WHAT THIS TASK INVOLVES.
Exercise in exact copying: restate word for word only the lines below from the one containing "Consulting company NYC Website Design" through the one containing "Energizer Rechargeable AA", omitting any pictures.

SUPPLIED DATA.
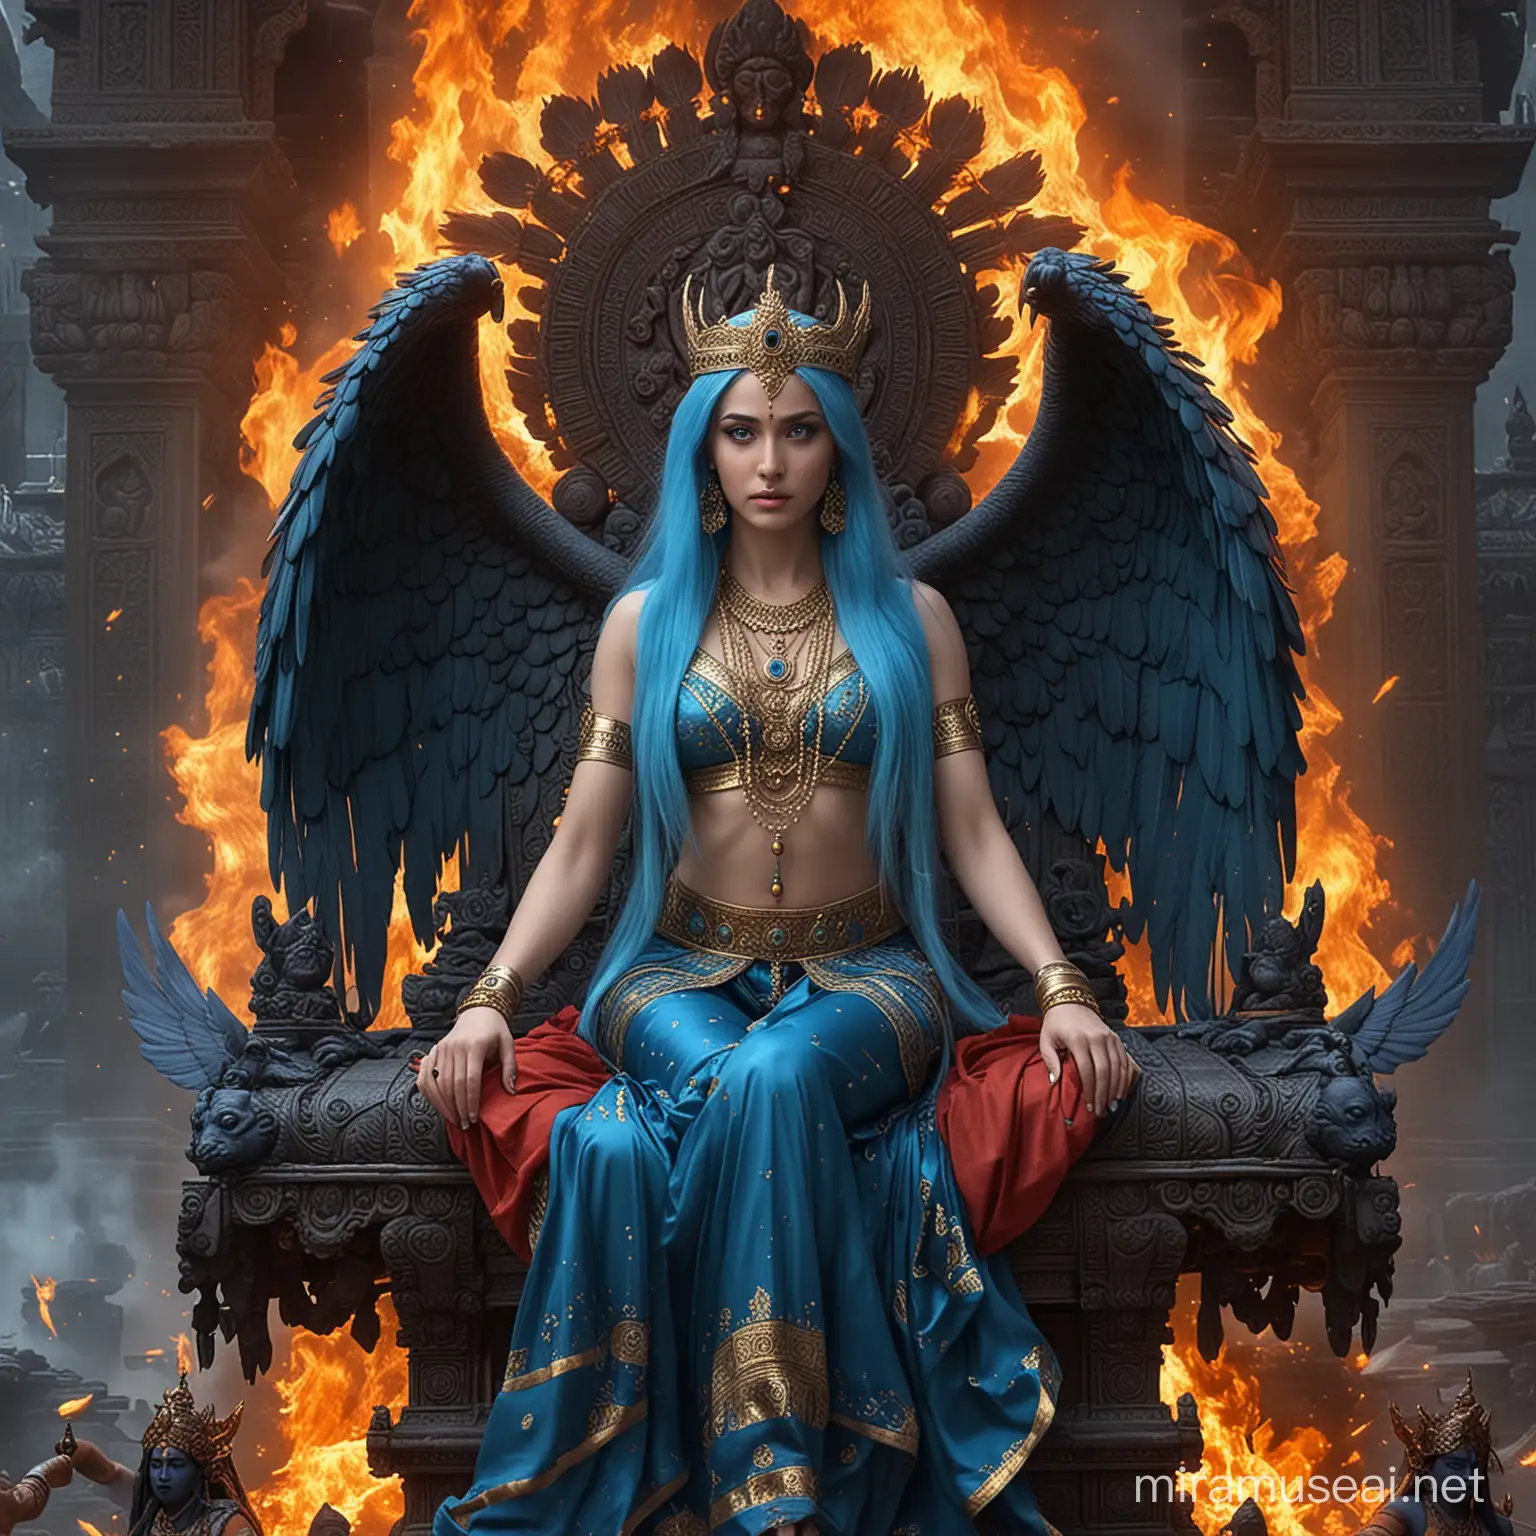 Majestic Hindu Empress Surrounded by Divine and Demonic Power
==
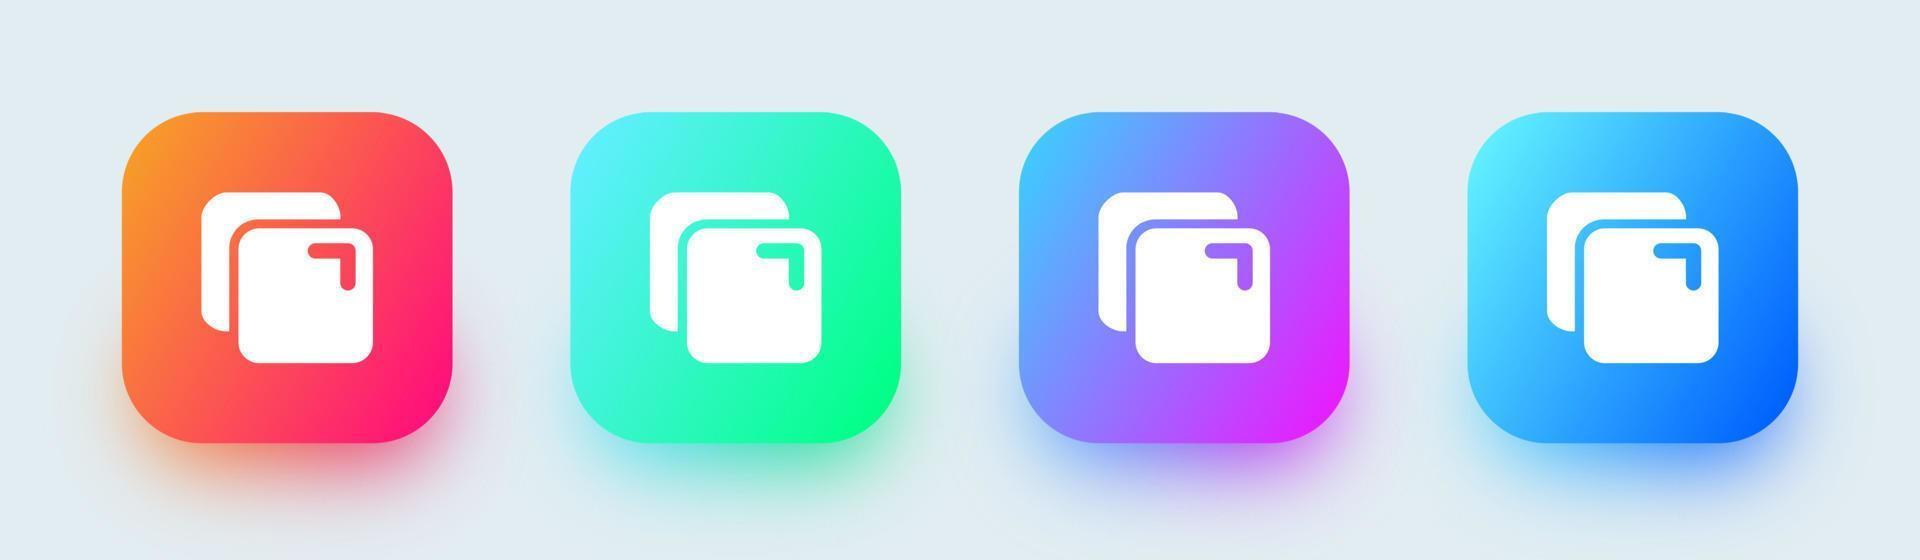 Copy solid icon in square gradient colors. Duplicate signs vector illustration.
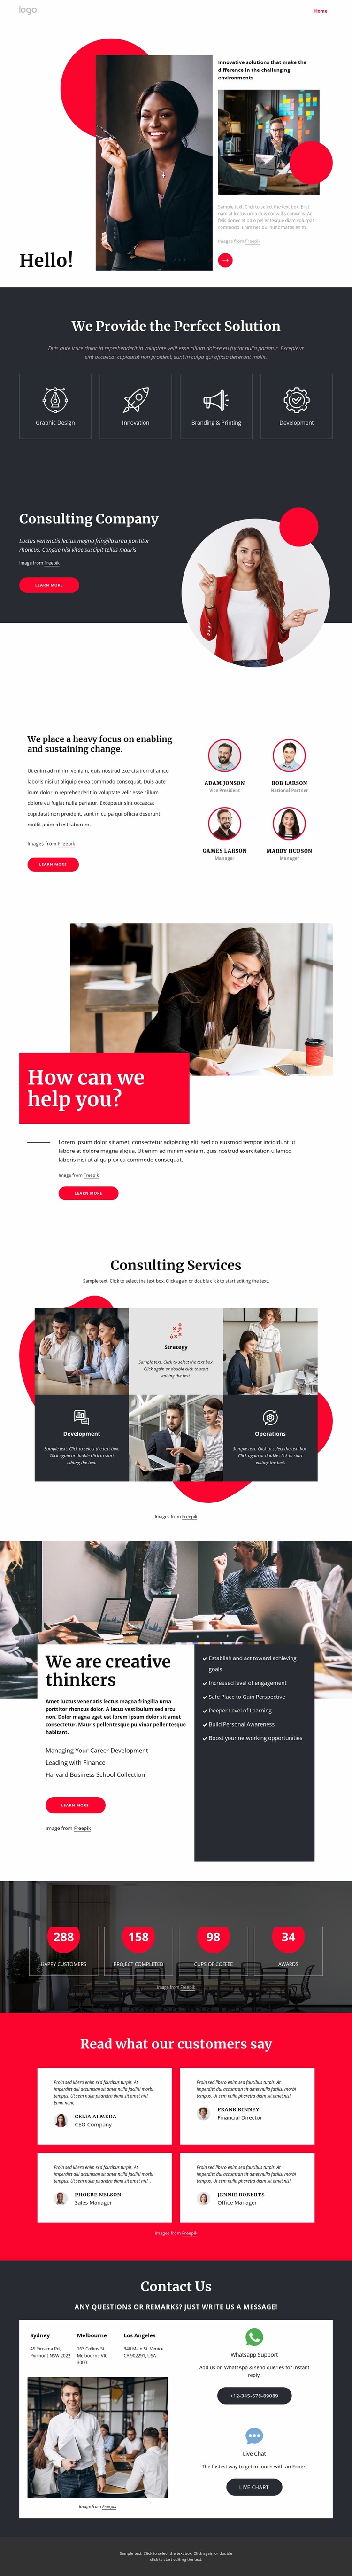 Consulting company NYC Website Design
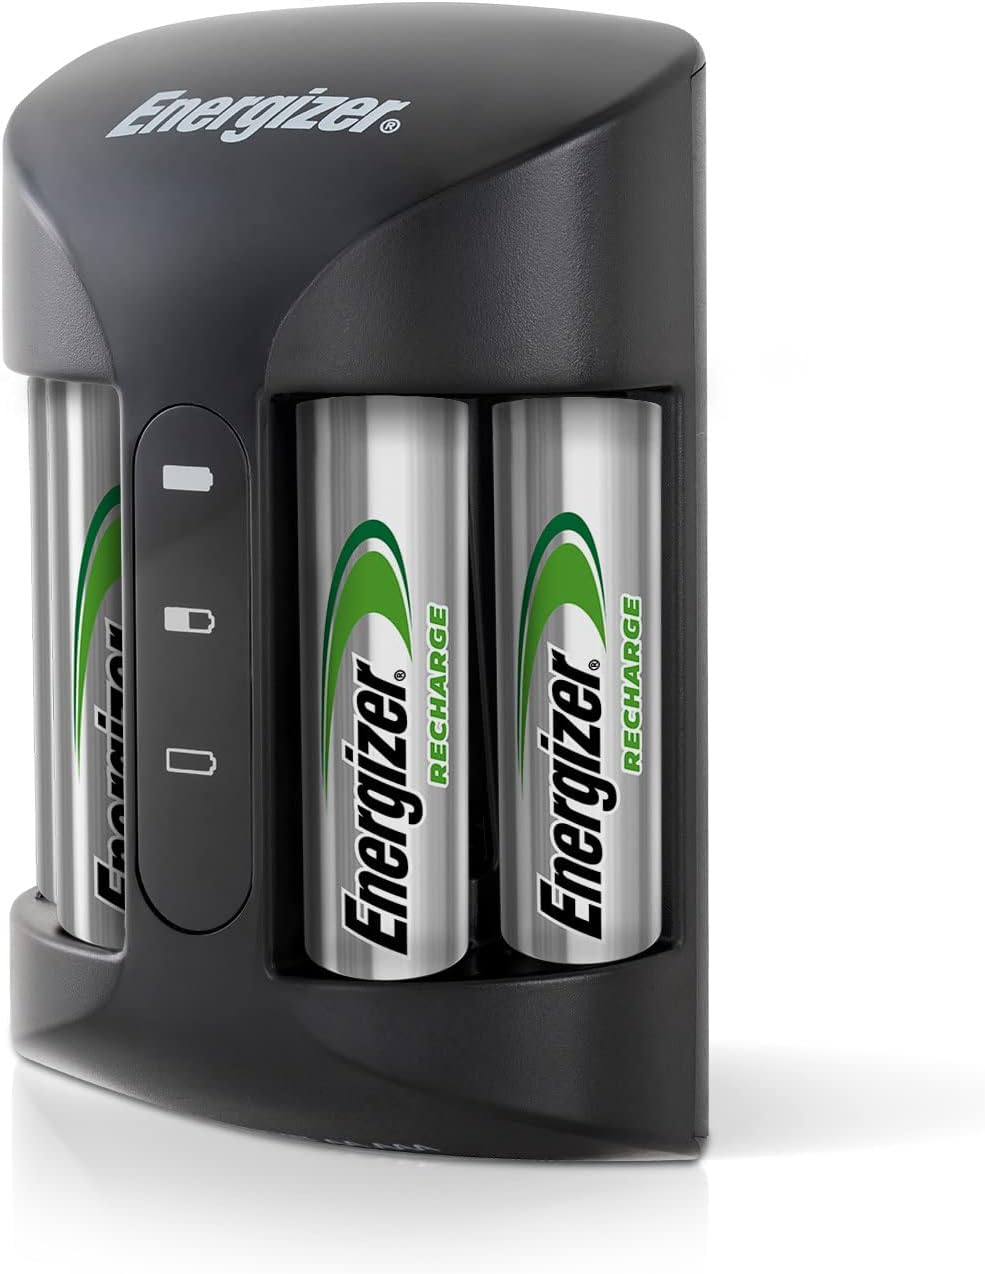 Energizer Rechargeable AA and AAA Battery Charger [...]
* * *
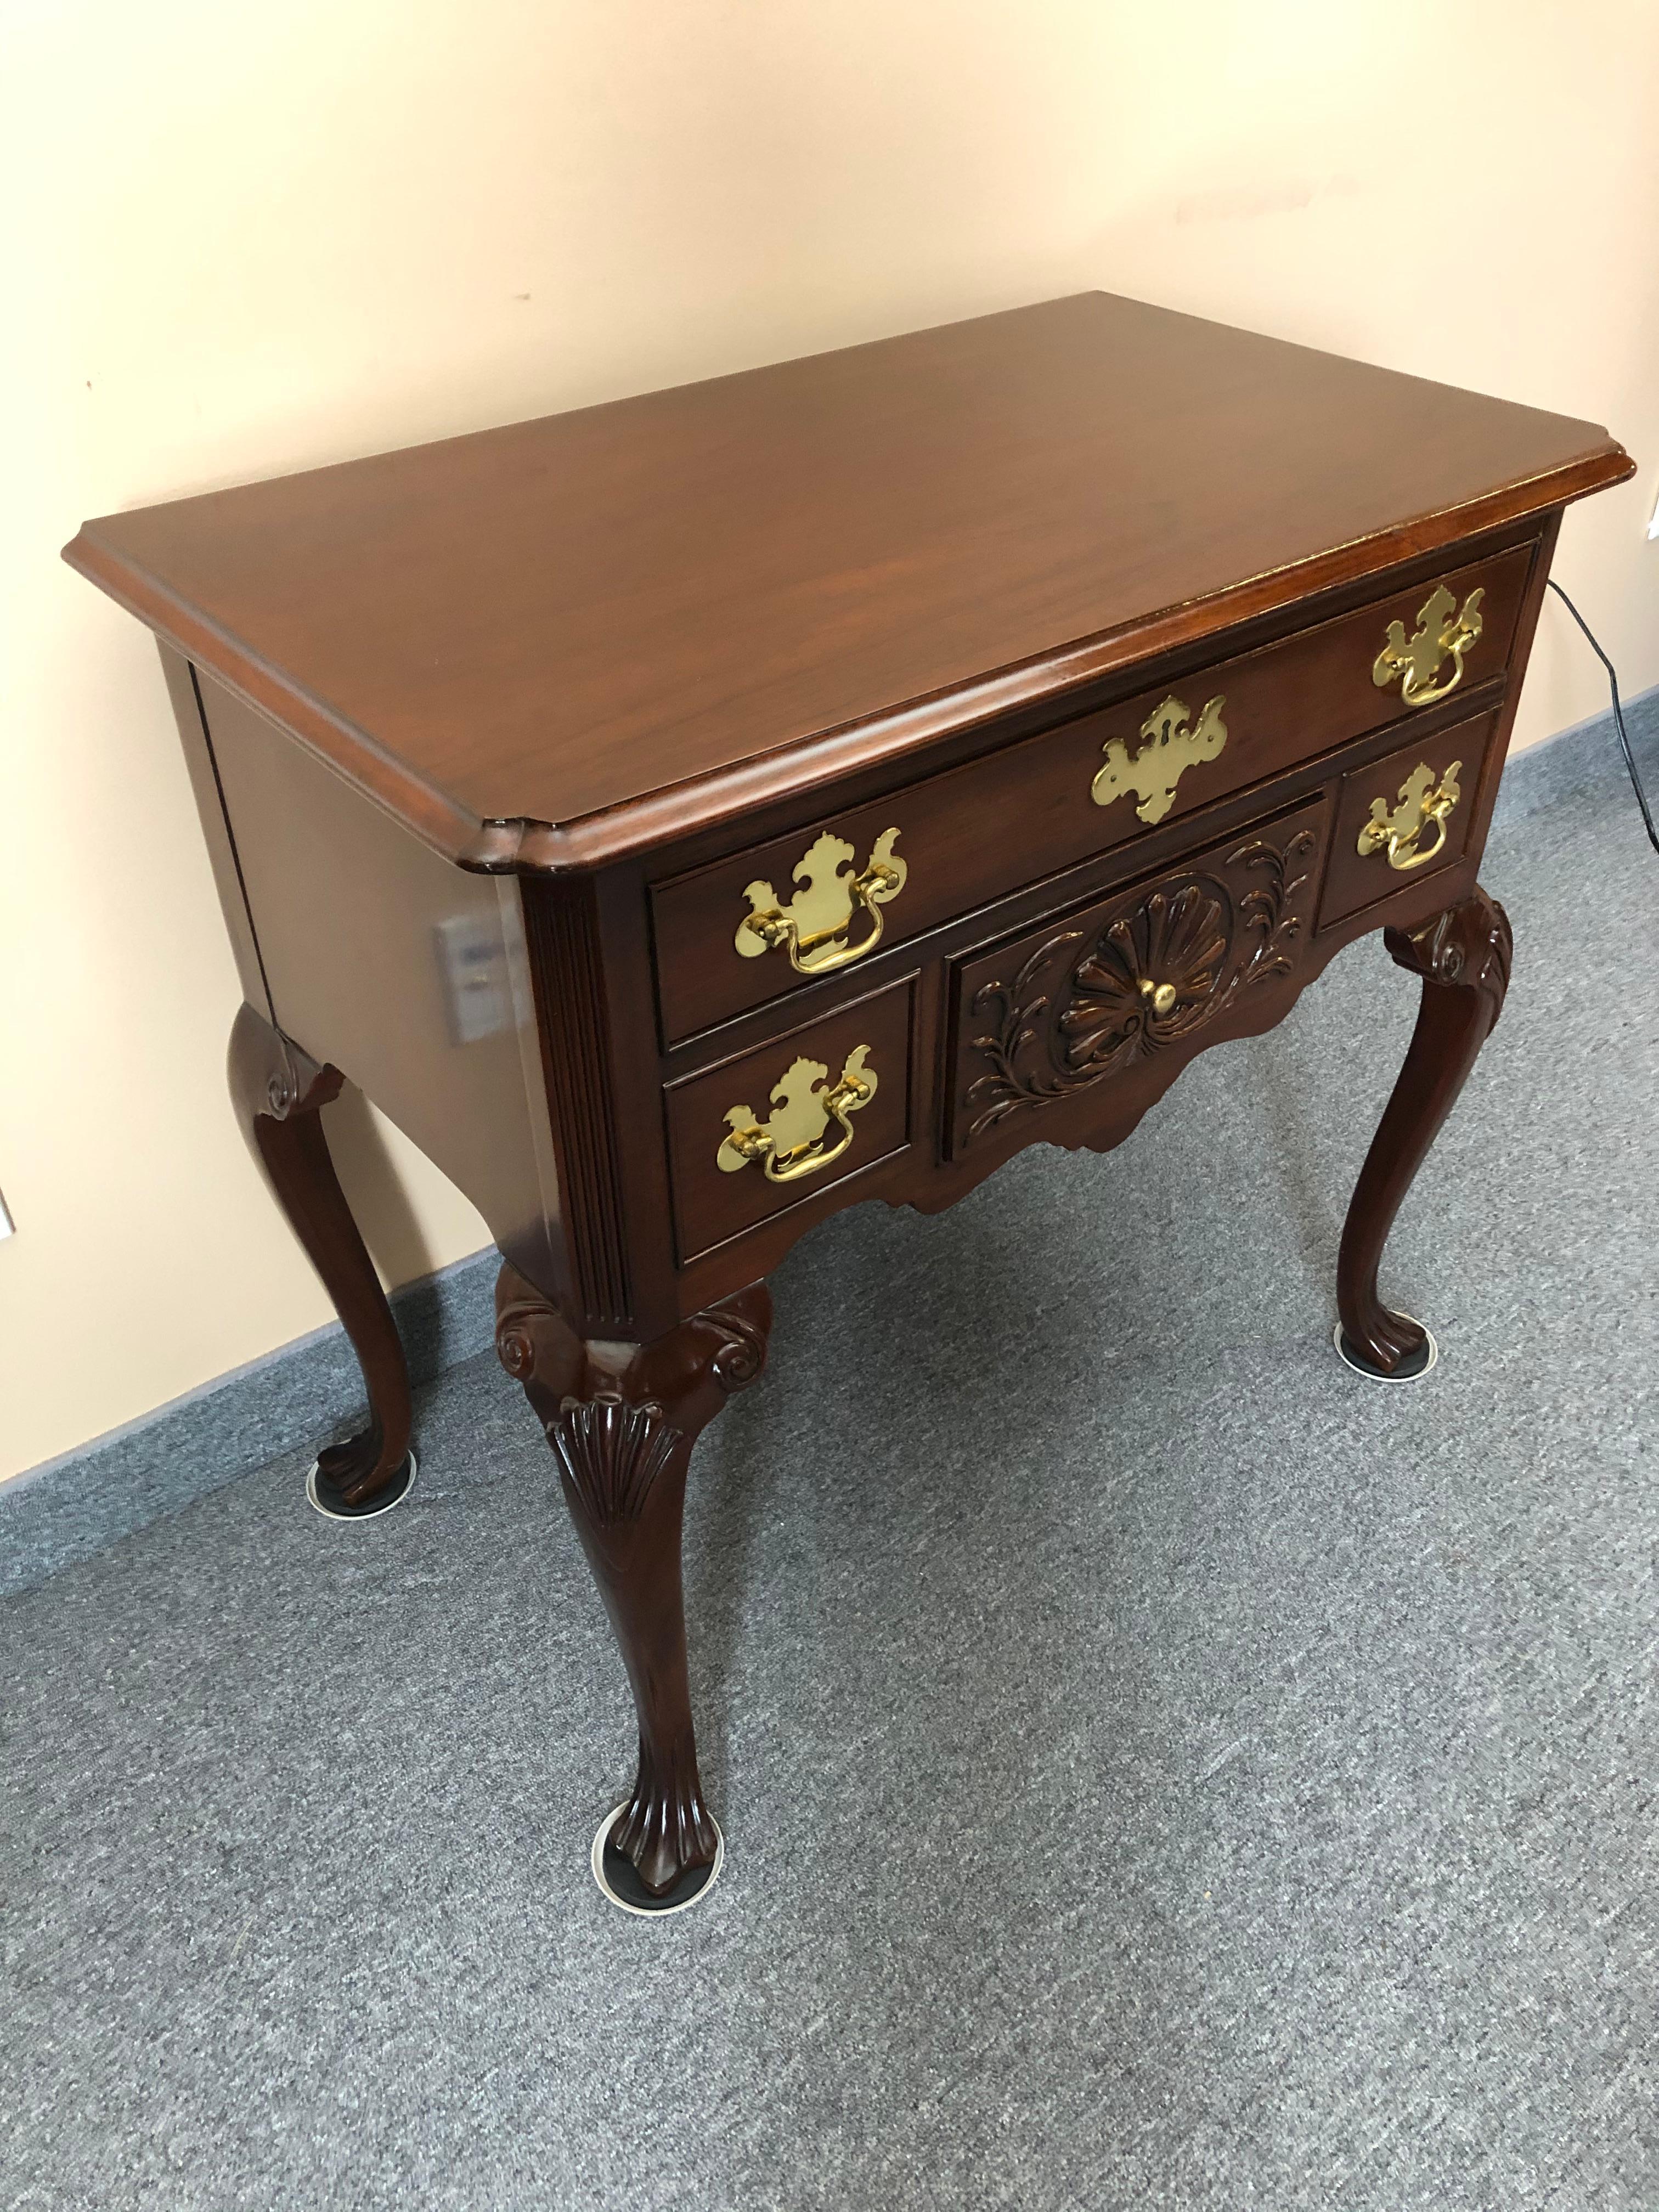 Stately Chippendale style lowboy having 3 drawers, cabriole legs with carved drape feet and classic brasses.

WRITTEN SOLUTION.
 Consulting company NYC Website Design
 Energizer Rechargeable AA and AAA Battery Charger [...]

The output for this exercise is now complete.